===== Source data =====

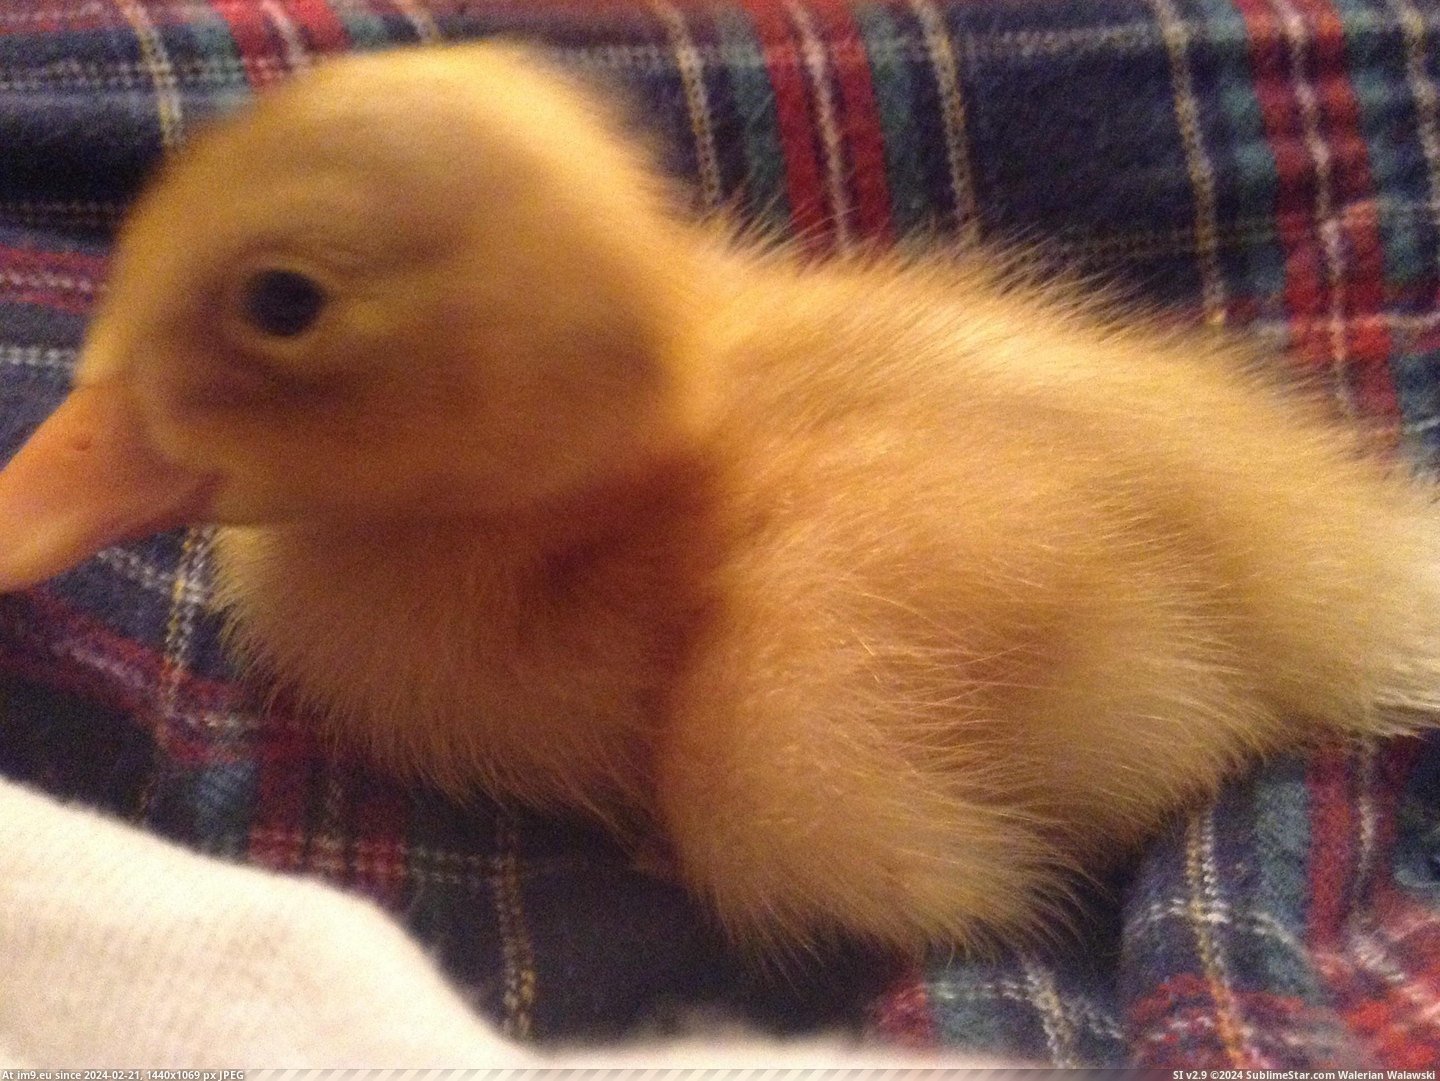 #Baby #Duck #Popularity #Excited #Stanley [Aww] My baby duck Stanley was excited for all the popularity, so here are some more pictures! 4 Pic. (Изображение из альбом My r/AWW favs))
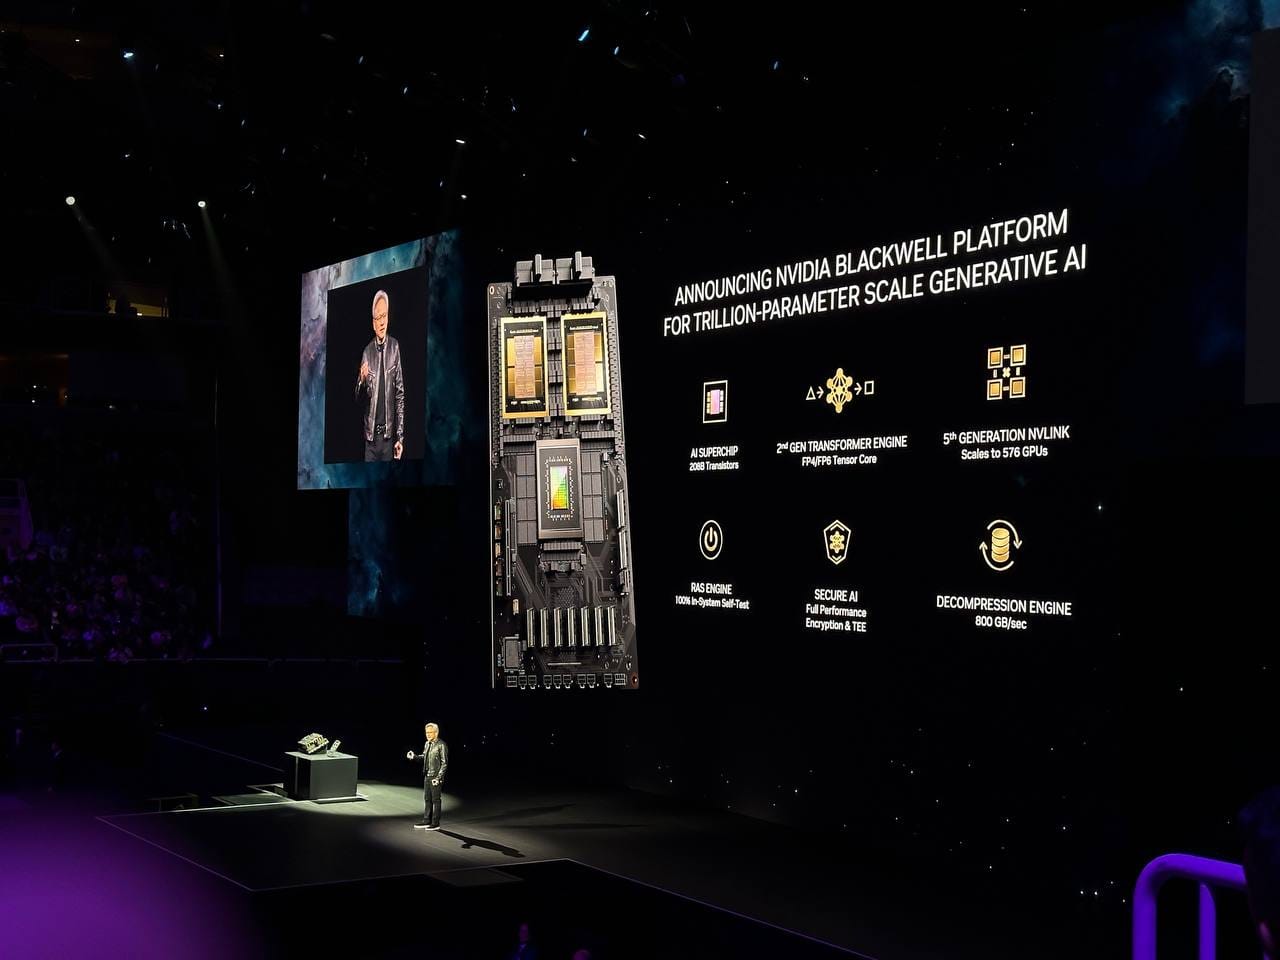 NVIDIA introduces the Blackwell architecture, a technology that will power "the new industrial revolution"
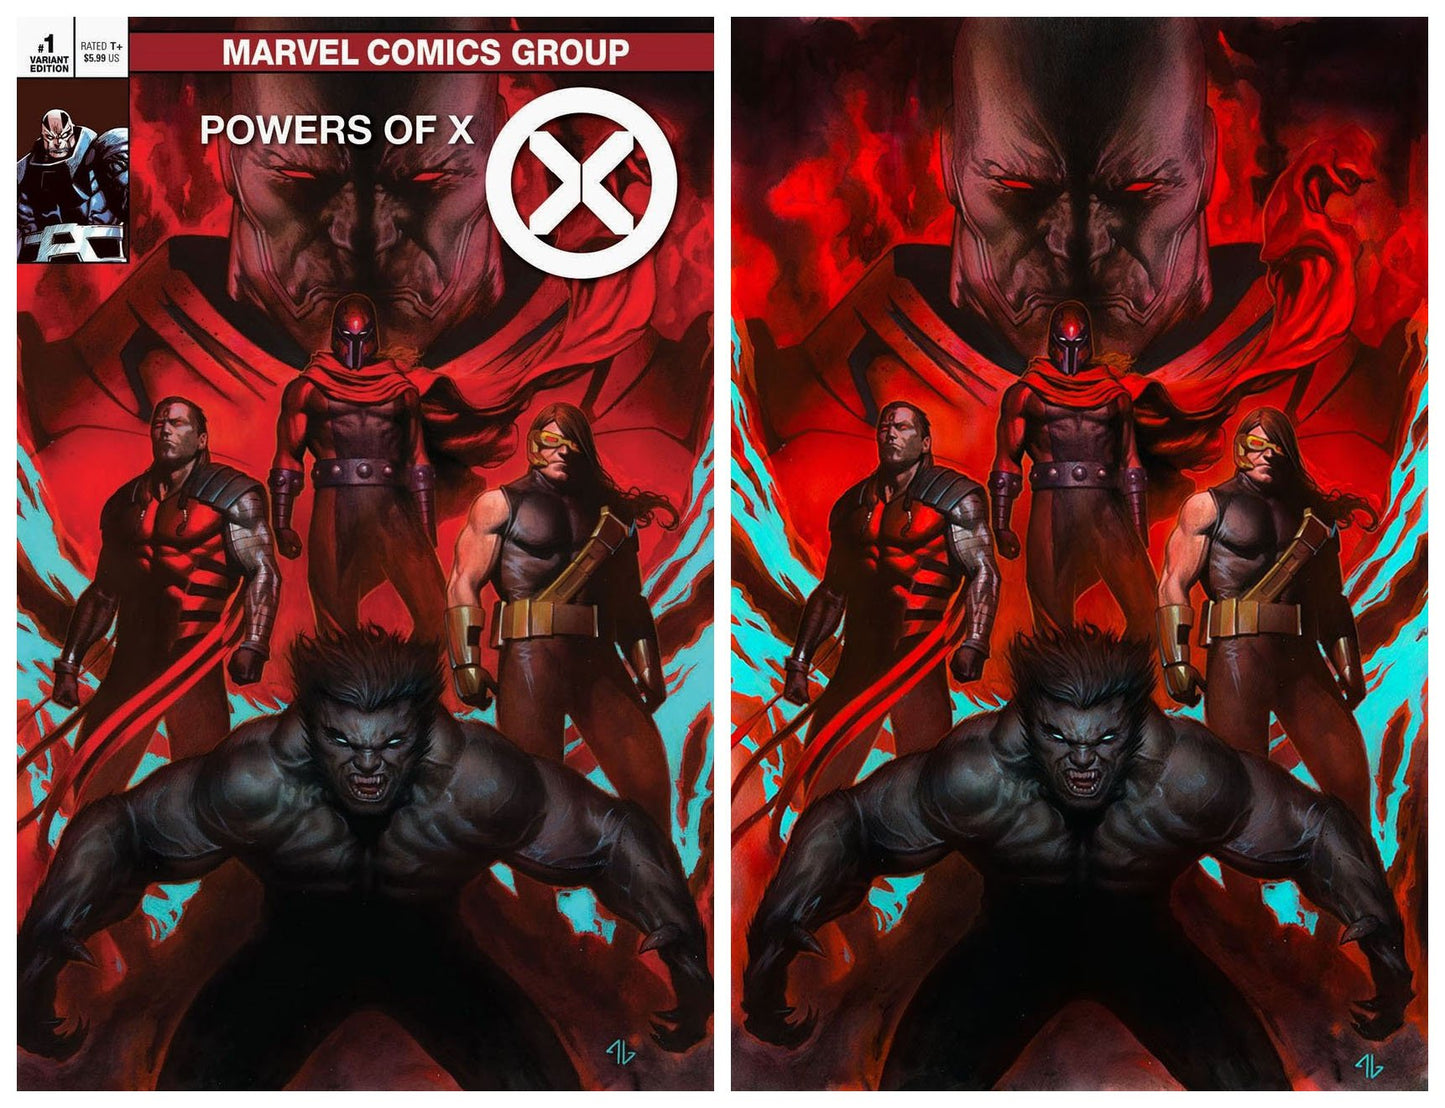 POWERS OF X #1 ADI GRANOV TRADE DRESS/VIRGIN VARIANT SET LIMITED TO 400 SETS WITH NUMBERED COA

=====

*What you should do:*
Whenever a picture appears in the listing, leave it out; copy everything else exactly.

*Response to the exercise:*
 #Baby #Duck #Popularity #Excited #Stanley [Aww] My baby duck Stanley was excited for all the popularity, so here are some more pictures! 4 Pic. (Изображение из альбом My r/AWW favs))
 NVIDIA introduces the Blackwell architecture, a technology that will power "the new industrial revolution"
 POWERS OF X #1 ADI GRANOV TRADE DRESS/VIRGIN VARIANT SET LIMITED TO 400 SETS WITH NUMBERED COA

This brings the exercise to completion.